来源:纽约时报    2022-12-15 03:29



        It was a clash between two former coup leaders, set against the backdrop of a remote and palm-fringed vacation destination that has, of late, taken on outsized importance in a battle for primacy in the Pacific between the United States and China. And with the country’s military constitutionally permitted to intervene if it saw fit, the contest had the potential to become volatile.
        这是两位前政变领导人之间的交锋,地点位于一个棕榈树环绕的偏远度假胜地。最近在美国和中国争夺太平洋主导权的斗争中,这个度假胜地变得格外重要。由于该国宪法允许军方在它认为合适的情况下出手干预,这场竞争有可能变得动荡不安。

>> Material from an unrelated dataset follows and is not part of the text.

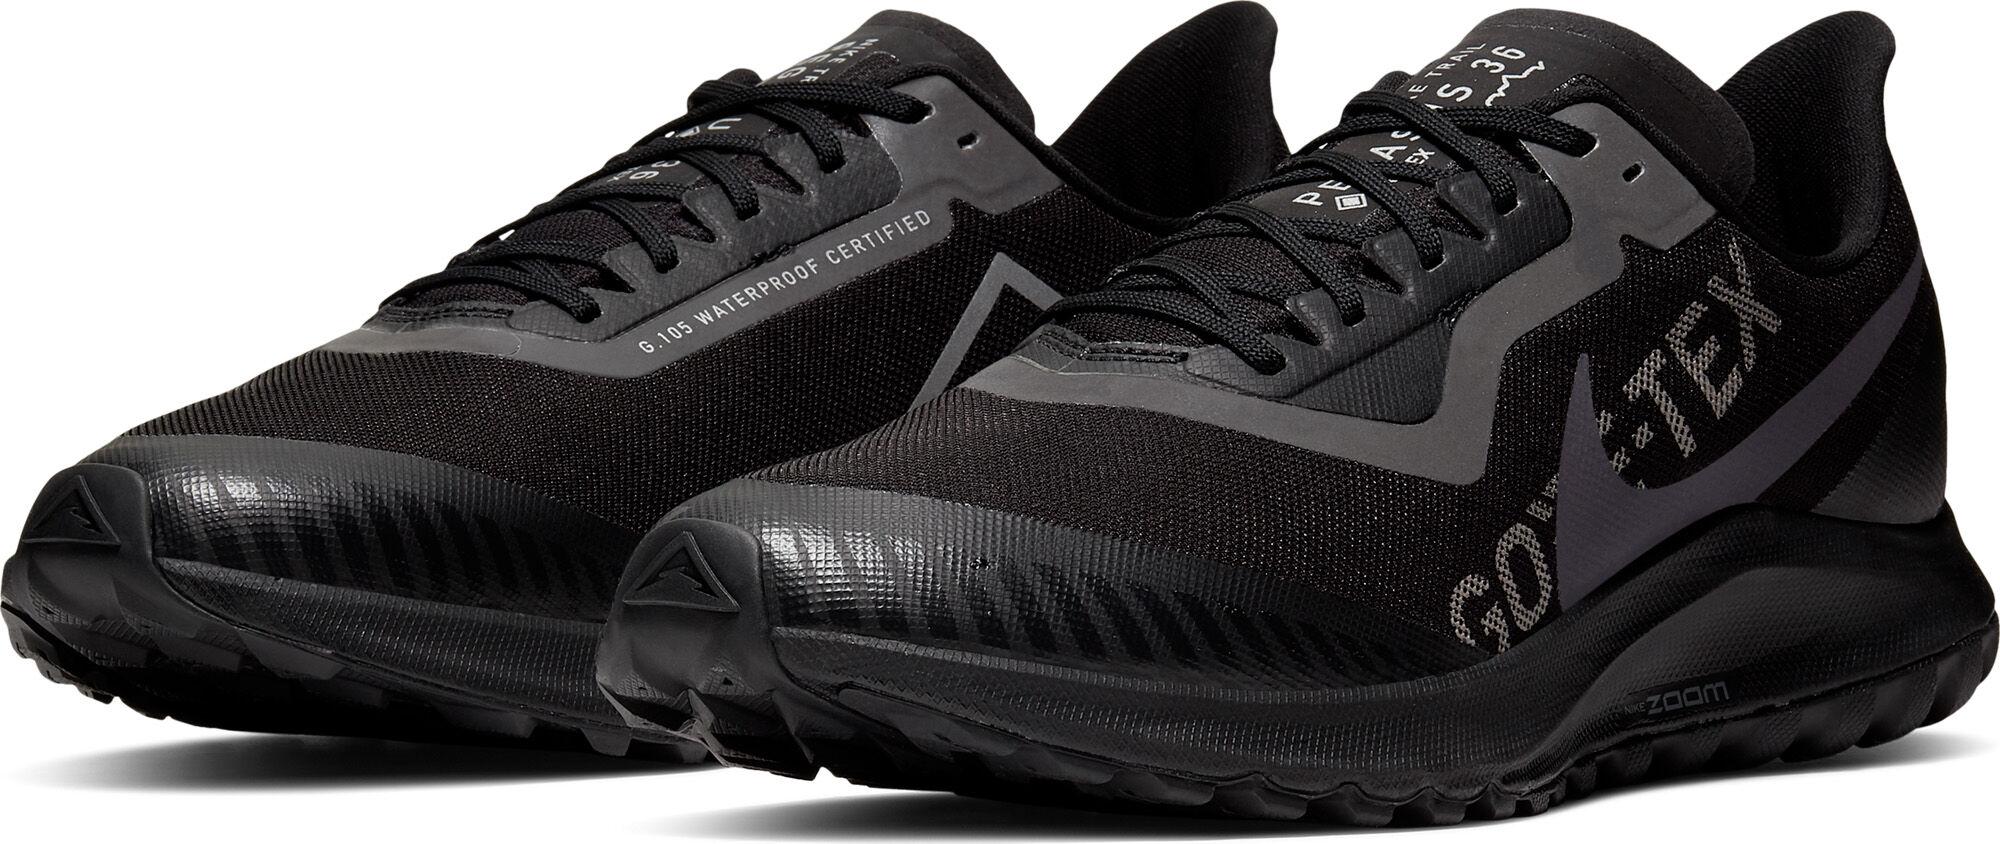 Nike · Zoom Pegasus 36 Trail GTX férfi terepfutó cipő Férfiak

        So, as voters went to the polls for a general election on Wednesday, international focus turned to Fiji, an island nation whose history of stormy politics is exemplified by four coups between 1987 and 2006. This was the country’s third general election since democratic voting was reintroduced to the Constitution in 2013.
        因此,当选民在周三进行总统选举投票时,国际焦点转向了斐济。发生在1987年至2006年之间的四次政变,体现了岛国斐济激烈的政治历史。自从2013年民主投票被重新写入宪法,这是该国第三次大选。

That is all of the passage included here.